It turns out that in this sweet spot, the only decision variables we need in our optimization are the sample values $\bu(t)$ and $\bx(t)$ at the so called "break" points of the spline. You might think that you would need the coefficients of the cubic spline parameters, but you do not. For the first-order interpolation on $\bu(t)$, given $\bu(t_k)$ and $\bu(t_{k+1})$, we can solve for every value $\bu(t)$ over the interval $t \in [t_k, t_{k+1}]$. But we also have everything that we need for the cubic spline: given $\bx(t_k)$ and $\bu(t_k),$ we can compute $\dot\bx(t_k) = f (\bx(t_k), \bu(t_k))$; and the four values $\bx(t_k), \bx(t_{k+1}), \dot\bx (t_k), \dot\bx(t_{k+1})$ completely define all of the parameters of the cubic spline over the interval $t\in[t_k, t_{k+1}]$. This is very convenient, because it is very natural to write constraints on $\bu$ and $\bx$ at the sample points (and would have been relatively harder to have to convert every constraint into constraints on the spline coefficients).

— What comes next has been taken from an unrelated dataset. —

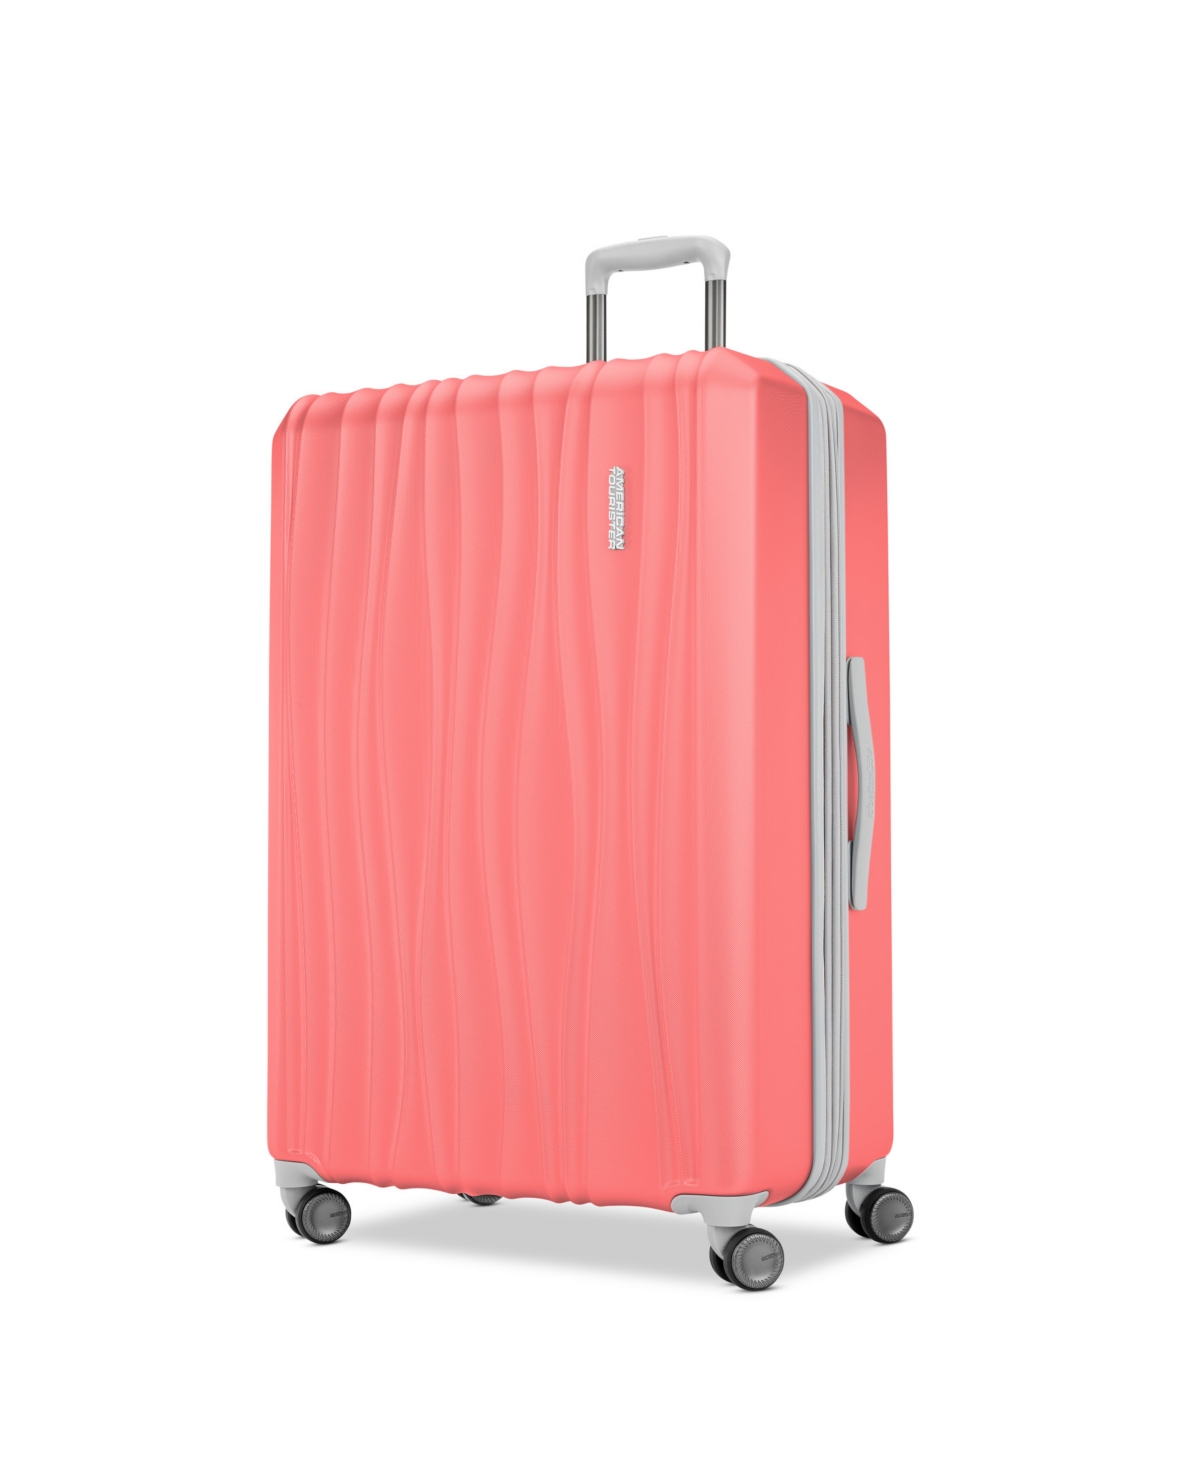 American Tourister Tribute Encore Hardside Check-in 28" Spinner Luggage In Soft Coral
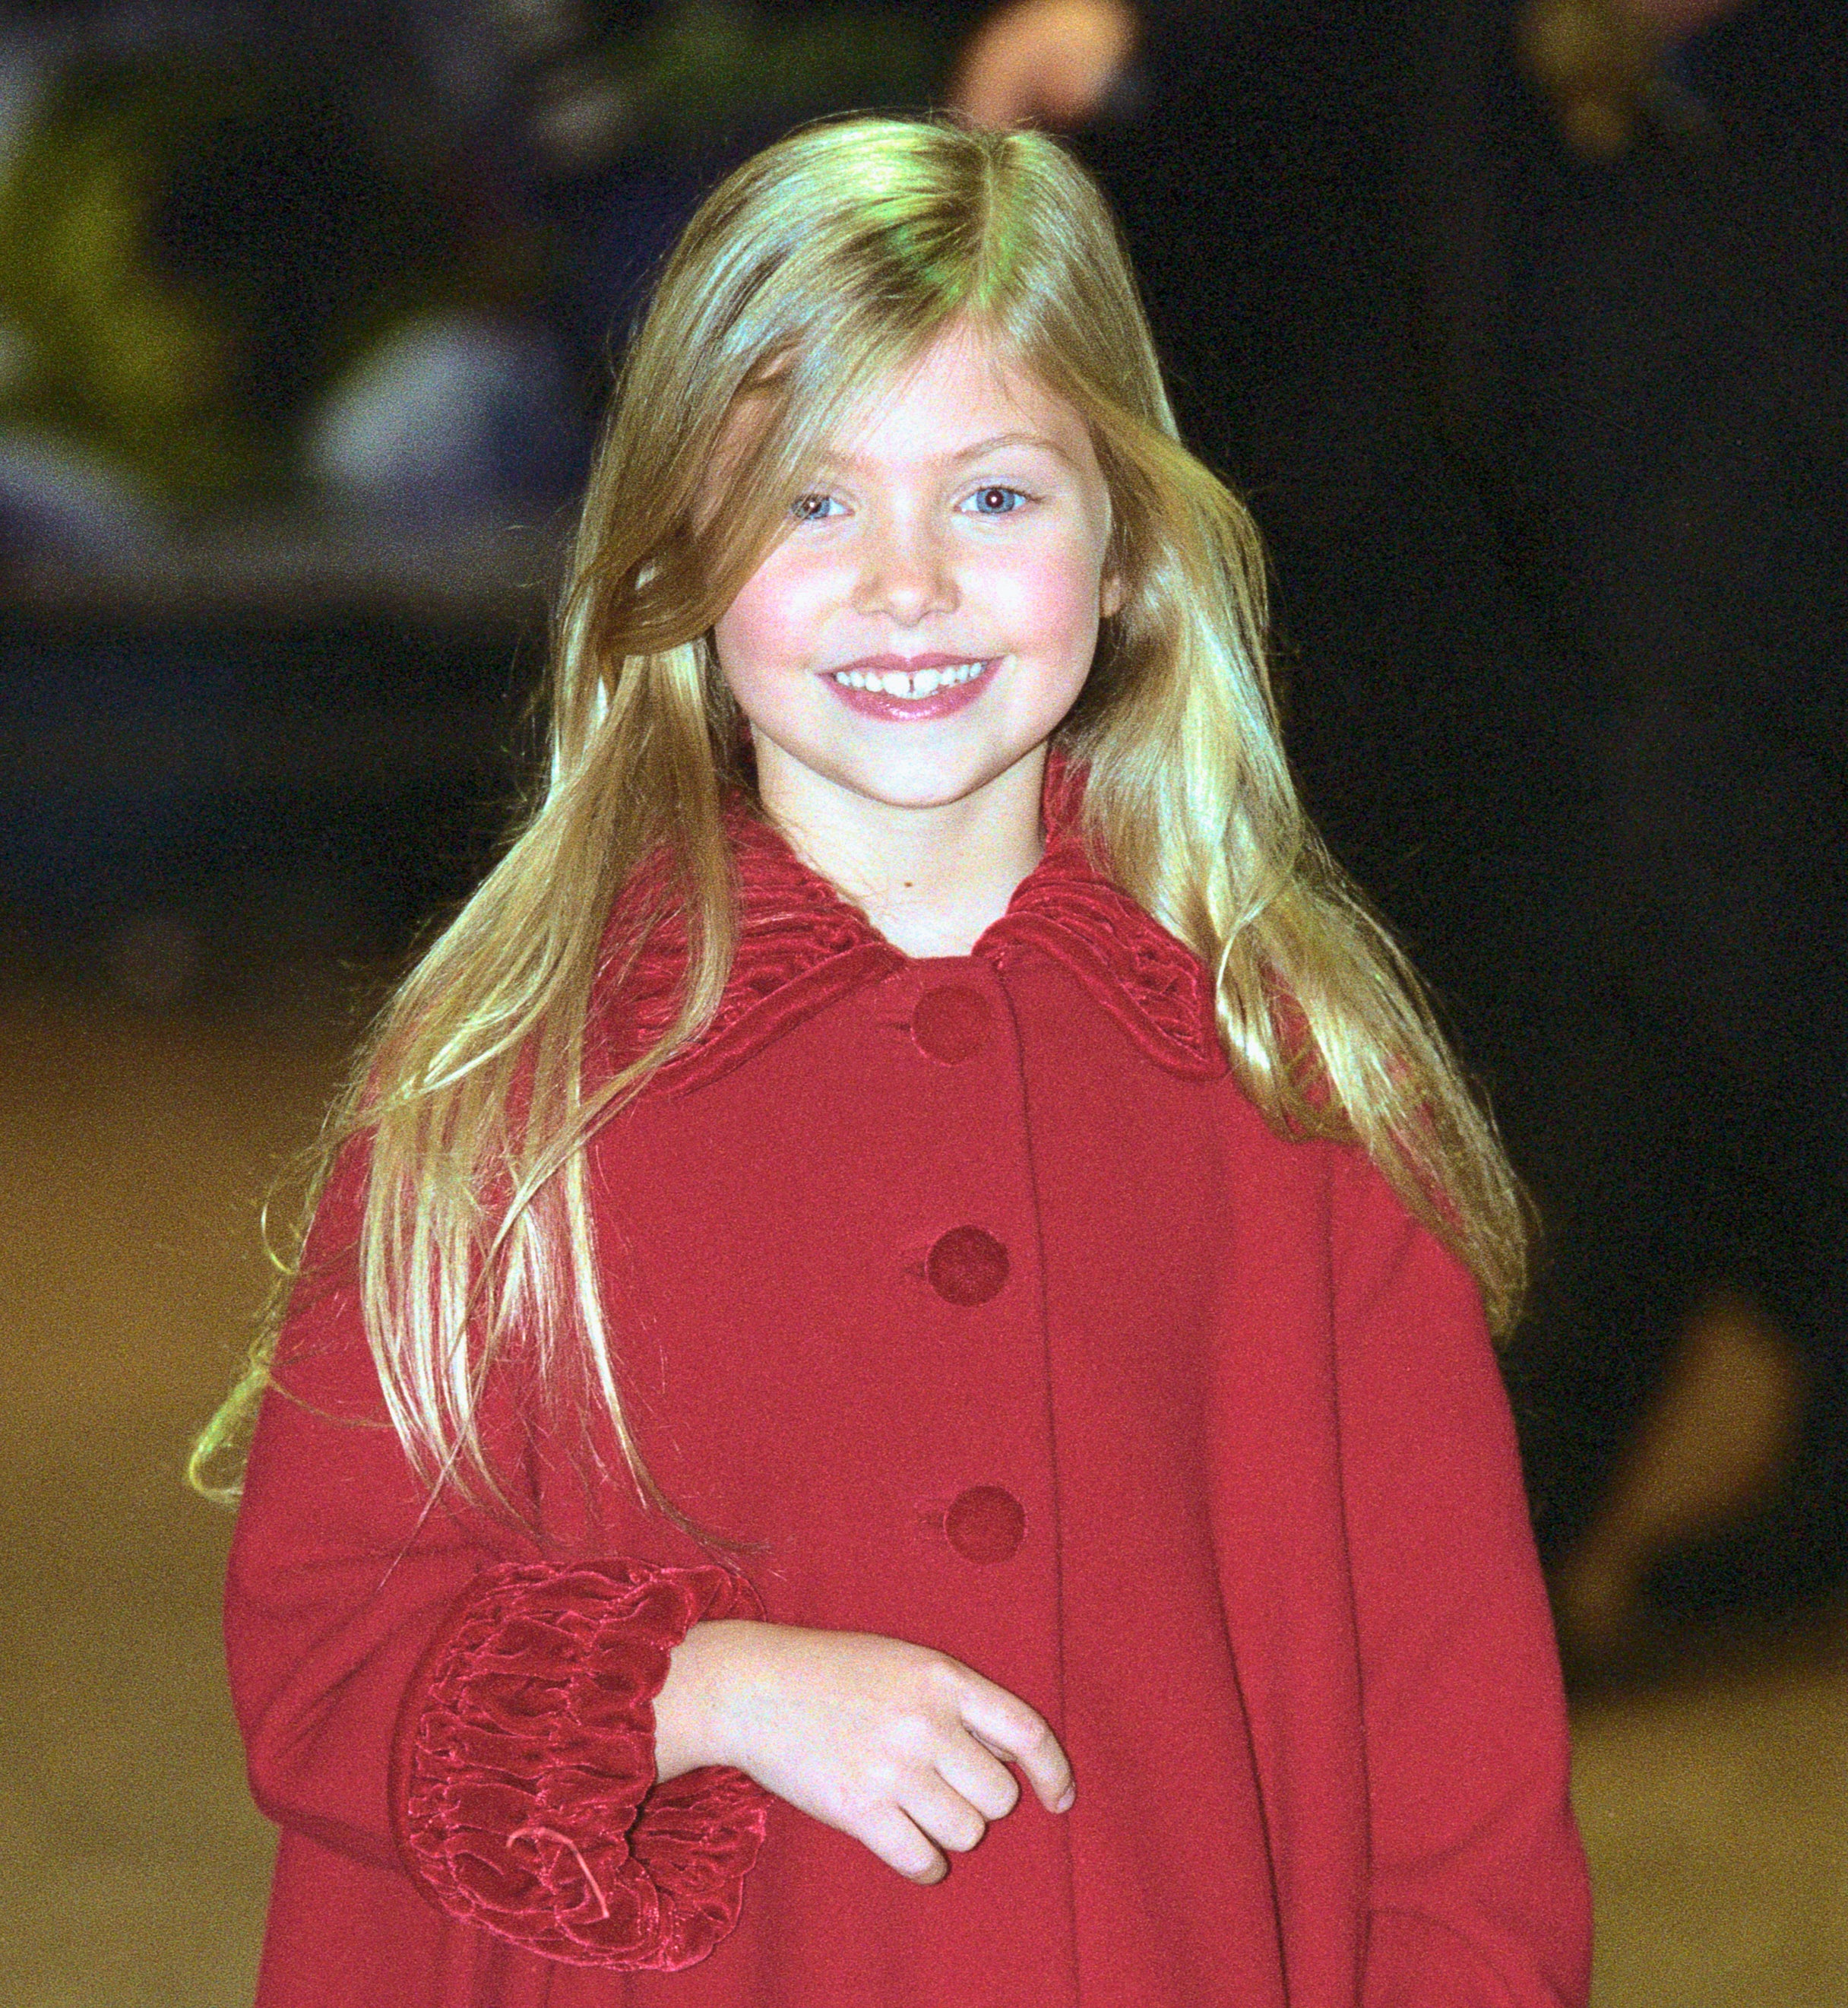 Close-up of Taylor as a child smiling at an event

Cubic spline parameters used in the direct collocation method.

Given the dynamics and the values of the decision variables ($\bu(t_k)$ and $\bx(t_k)$ at the break points), the spline is fully specified, but we need dim$(\bx)$ additional constraints to constrain that $\bx(t_{k+1})$ is (approximately) $\bx(t_k) + \int_{t_k}^{t_{k+1}} f(\bx(t),\bu(t)) dt.$ In direct collocation, we impose this with derivative constraints at the so-called collocation points. In particular, if we choose the collocation times to be the midpoints of the spline, then we have that \begin{gather*} t_{c,k} = \frac{1}{2}\left(t_k + t_{k+1}\right), \qquad h_k = t_{k+1} - t_k, \\ \bu(t_{c,k}) = \frac{1}{2}\left(\bu(t_k) + \bu(t_{k+1})\right), \\ \bx(t_{c,k}) = \frac{1}{2}\left(\bx(t_k) + \bx(t_{k+1})\right) + \frac{h}{8} \left(\dot\bx(t_k) - \dot\bx(t_{k+1})\right), \\ \dot\bx(t_{c,k}) = -\frac{3}{2h}\left(\bx(t_k) - \bx(t_{k+1})\right) - \frac{1}{4} \left(\dot\bx(t_k) + \dot\bx(t_{k+1})\right). \end{gather*} These equations come directly from the equations that fit the cubic spline to the end points/derivatives then interpolate them at the midpoint. They give us precisely what we need to add the dynamics constraint to our optimization at the collocation times:\begin{align*} \min_{\bx[\cdot],\bu[\cdot]} \quad & \ell_f(\bx[N]) + \sum_{n=0}^{N-1} h_n \ell(\bx[n],\bu[n]) \\ \subjto \quad & \dot\bx(t_{c,n}) = f(\bx(t_{c,n}), \bu(t_{c,n})), & \forall n \in [0,N-1] \\ & \bx[0] = \bx_0 \\ & + \text{additional constraints}. \end{align*} I hope this notation is clear -- I'm using $\bx[k] = \bx(t_k)$ as the decision variables, and the collocation constraint at $t_{c,k}$ depends on the decision variables: $\bx[k], \bx[k+1], \bu[k], \bu[k+1]$. The actual equations of motion get evaluated at both the break points, $t_k$, and the collocation times, $t_{c,k}$, because we need to evaluate the dynamics at the break points in order to write $\dot{\bx}(t_{c,k}).$

Once again, direct collocation effectively integrates the equations of motion by satisfying the constraints of the optimization -- this time producing an integration of the dynamics that is accurate to third order with effectively two evaluations of the plant dynamics per segment (since we use $\dot\bx(t_k)$ for two intervals). Hargraves87 claims, without proof, that as the break points are brought closer together, the trajectory will converge to a true solution of the differential equation. Once again it is very natural to add additional terms to the cost function or additional input/state constraints, and very easy to calculate the gradients of the objective and constraints. I personally find it very nice to explicitly account for the parametric encoding of the trajectory in the solution technique.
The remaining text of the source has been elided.